Sergei Vladimirovich Ochegava may be sentenced to up to five years in prison, and will have to serve his sentence in a US federal prison – mentioned Citing the California Attorney General's Office, CNN.
The 46-year-old arrived last November on a Scandinavian Airlines flight from Copenhagen to Los Angeles. After landing, of course, they asked for his documents, but he only hesitated. According to the official record, he provided “misleading information.” He claimed that he forgot his documents on the plane.
However, the US Border Patrol did not find his documents or even his name on the SAS passenger list. Uchigawa's name was not on any other incoming international flights. Then it turned out that, in addition to his ticket, he did not have a passport and, by definition, a visa.
While Washington reduced the validity of the entry permit, ESTA, from two years to just one year for Hungarian travelers, only once did Osegawa enter the United States without papers.

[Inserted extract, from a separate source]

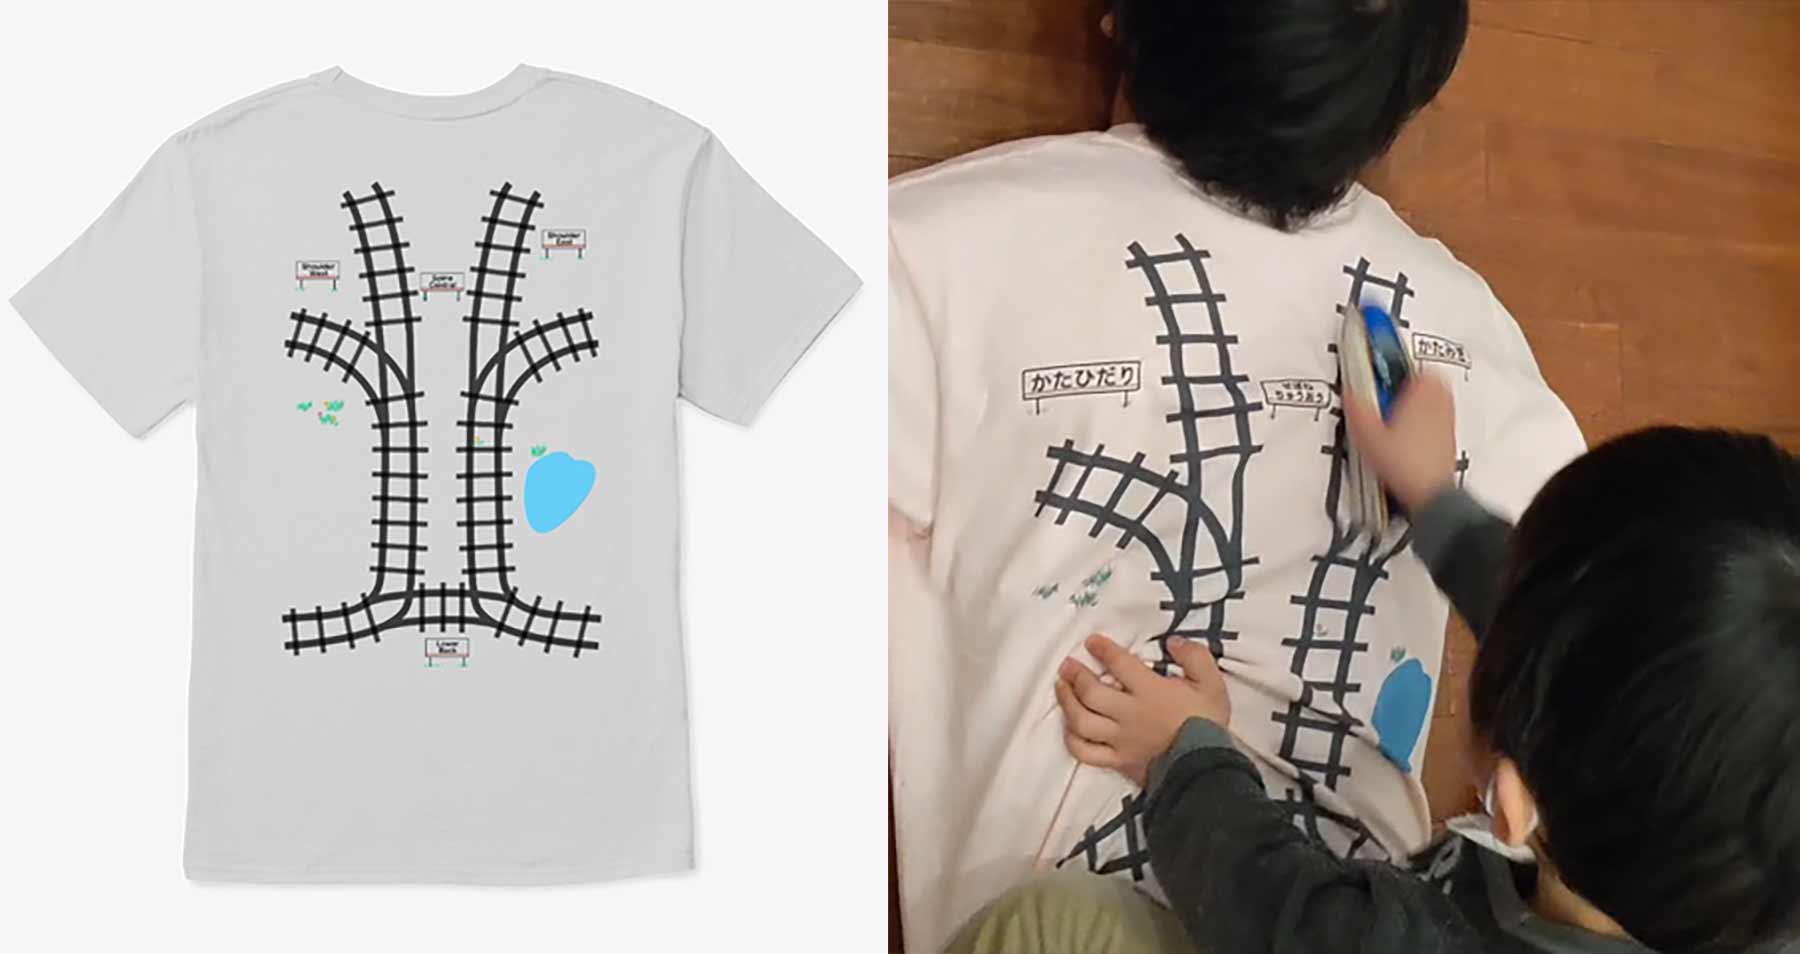 Dieses T-Shirt mit Gleisen gibt einem spielerisch eine Rückenmassage

By searching his bag, they found a Russian and Israeli ID card, and his personal data on his mobile phone – without a photo.
After running it, they found no data about the stowaway in the US system.
We believe he is a Russian citizen. We were unable to confirm his status in Israel
– Inform him Public Prosecutor's Office.
Passengers were counted
Uchigawa, who was charged with illegal entry on December 5, pleaded not guilty in court. He told the FBI he didn't even know how he got on the plane.
Last year, on November 3, Osegawa escorted an unsuspecting passenger through security gates at Copenhagen Airport and thus entered an airport lounge without a boarding pass, according to evidence presented during the three-day jury trial.
The next day, Oxigawa slipped through the boarding gate “unnoticed” and boarded a Scandinavian Airlines flight to Los Angeles, according to the prosecutor's statement.
Anyone who has traveled recently knows well that it is not easy to get past security at an airport.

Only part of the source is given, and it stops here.